◆ AIM OF THE EXERCISE
Please reproduce exactly, and only, the lines from the one with "Байкал МР-654К-20 пистолет" through the last line of the listing below, both ends included, leaving out the pictures.

◆ GIVEN INFORMATION
= = = =

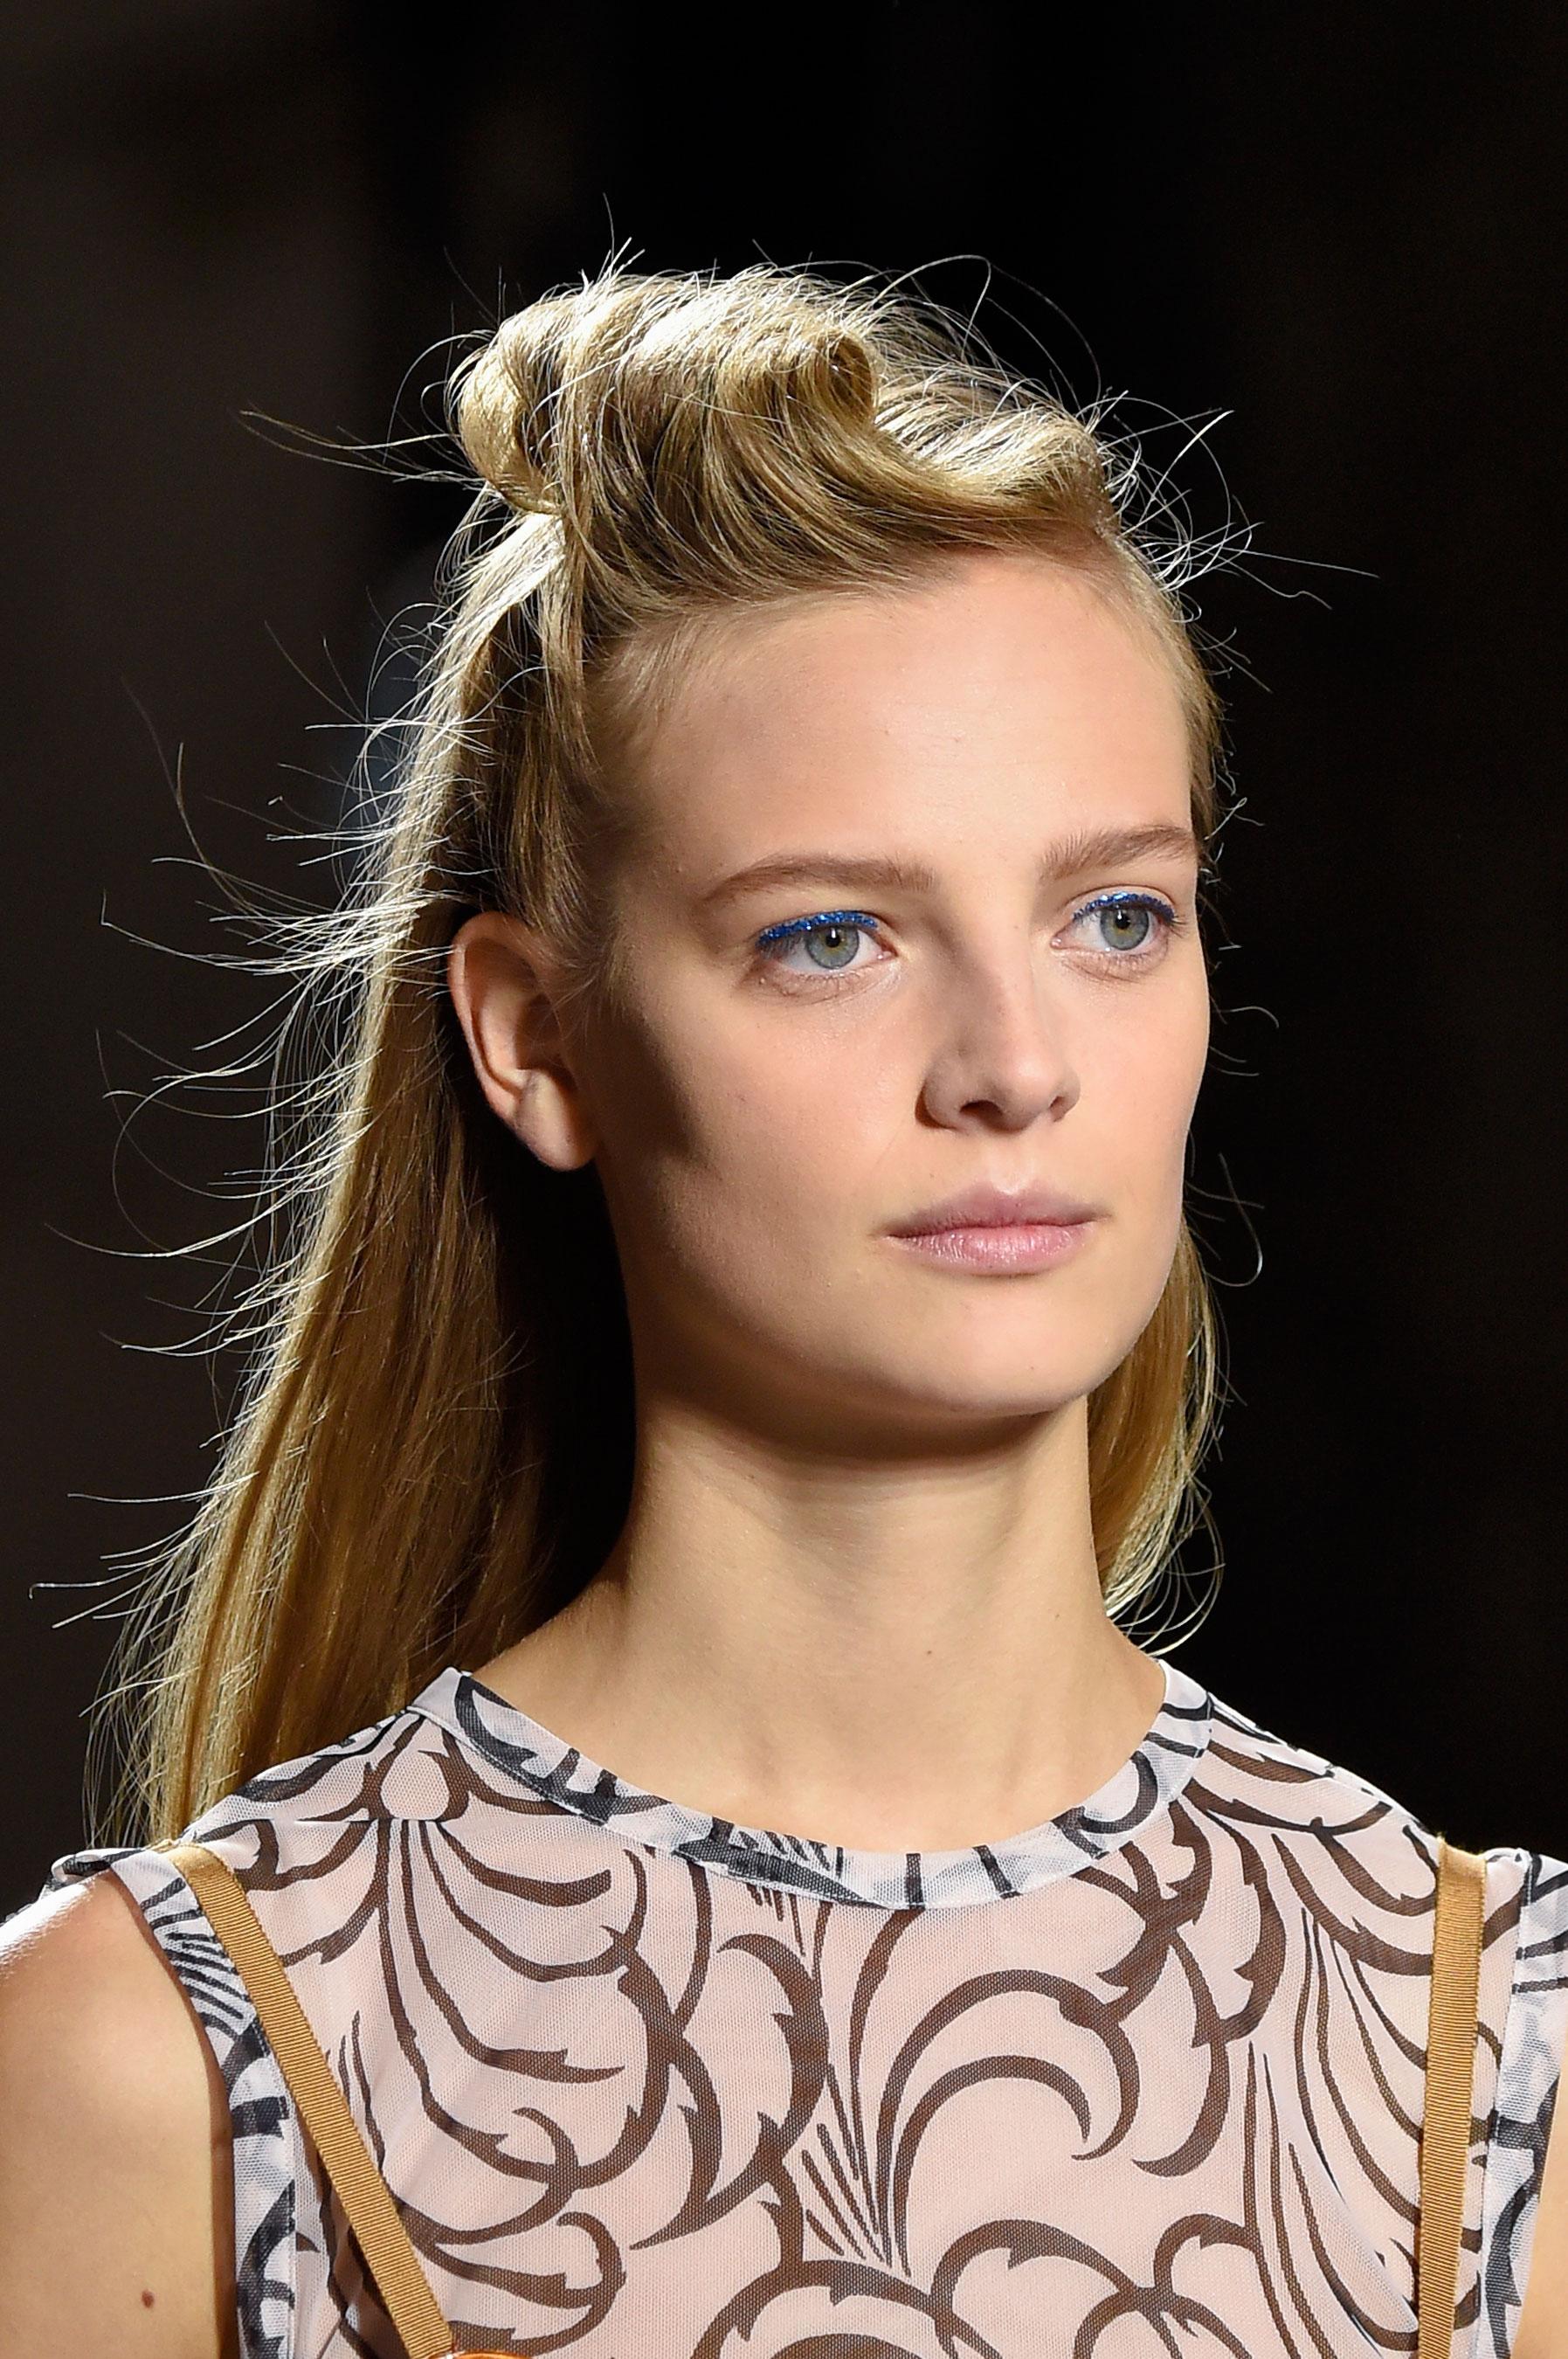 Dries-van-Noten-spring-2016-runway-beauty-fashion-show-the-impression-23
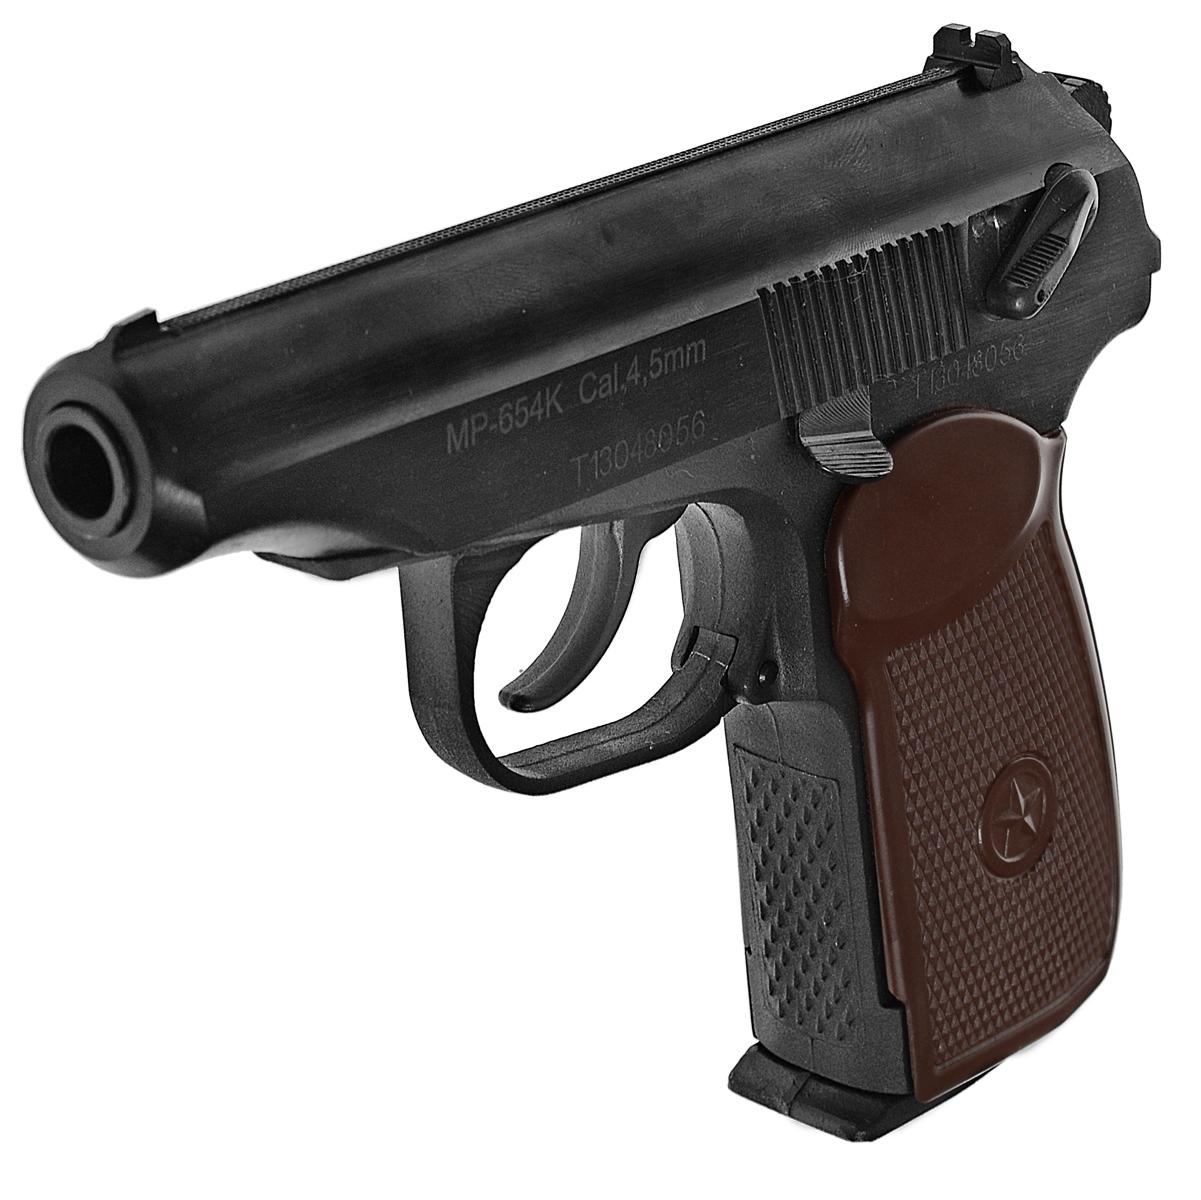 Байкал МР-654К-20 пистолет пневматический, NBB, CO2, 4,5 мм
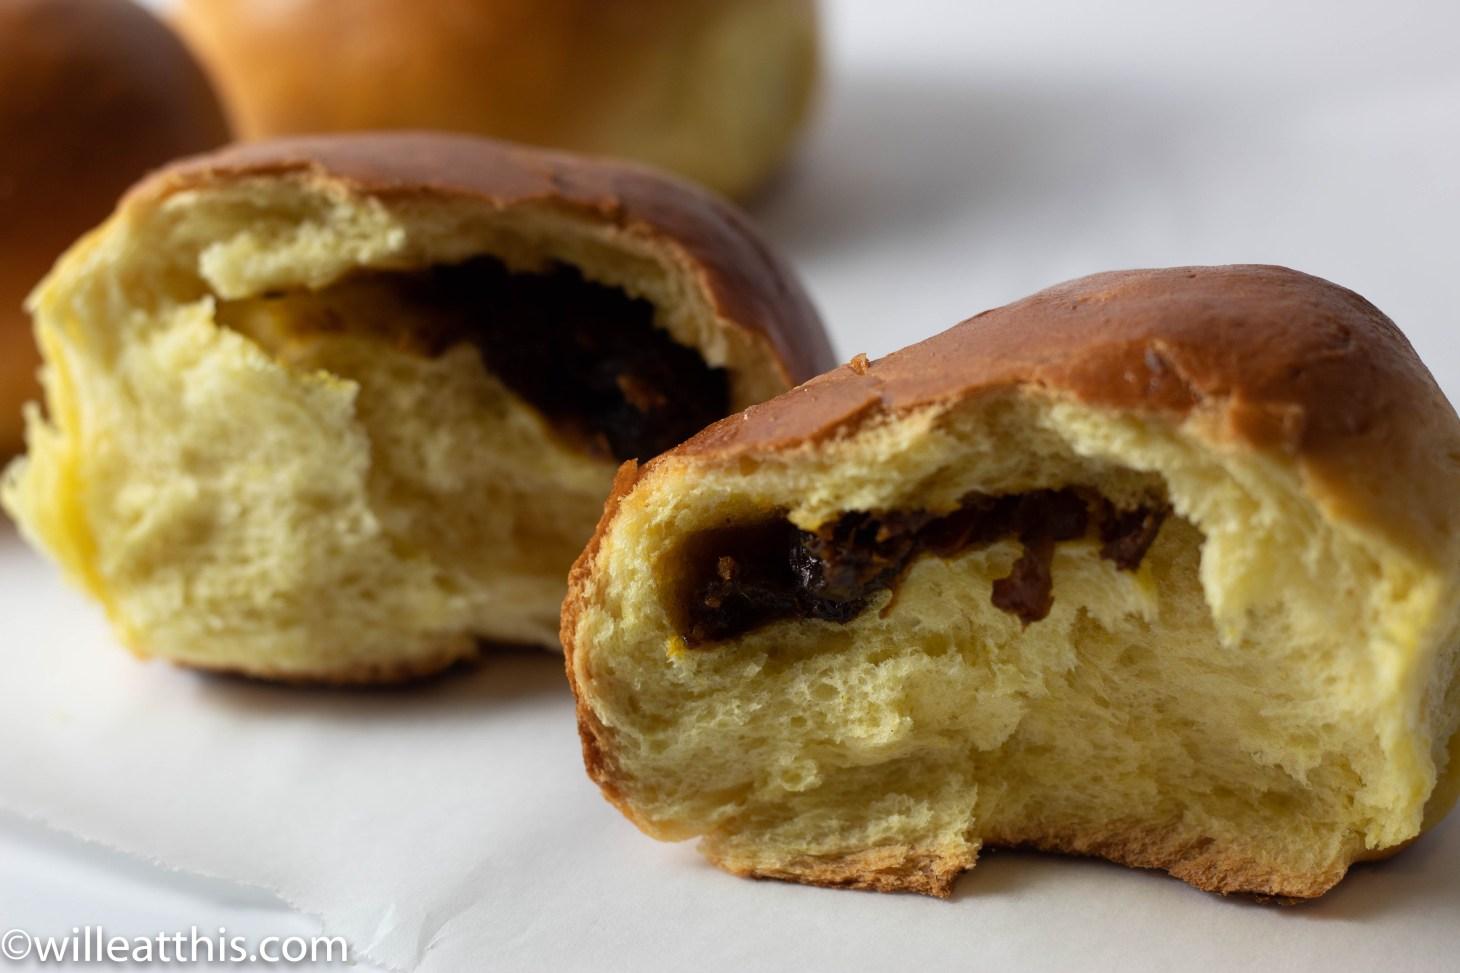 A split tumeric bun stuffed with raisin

= = = =

◆ ANSWER TO THIS TASK
 Байкал МР-654К-20 пистолет пневматический, NBB, CO2, 4,5 мм
 A split tumeric bun stuffed with raisin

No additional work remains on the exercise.